Entries supplied:
──────

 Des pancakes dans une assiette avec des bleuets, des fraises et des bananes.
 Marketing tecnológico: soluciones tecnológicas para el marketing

──────

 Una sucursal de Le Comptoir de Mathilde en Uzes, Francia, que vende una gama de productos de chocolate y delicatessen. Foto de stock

──────

Task description:
Among the entries above, the line containing "Des pancakes dans", the line containing "Marketing tecnológico: soluciones", and all lines between them are to be restated word for word; nothing else belongs in the reply.

Answer section:
 Des pancakes dans une assiette avec des bleuets, des fraises et des bananes.
 Marketing tecnológico: soluciones tecnológicas para el marketing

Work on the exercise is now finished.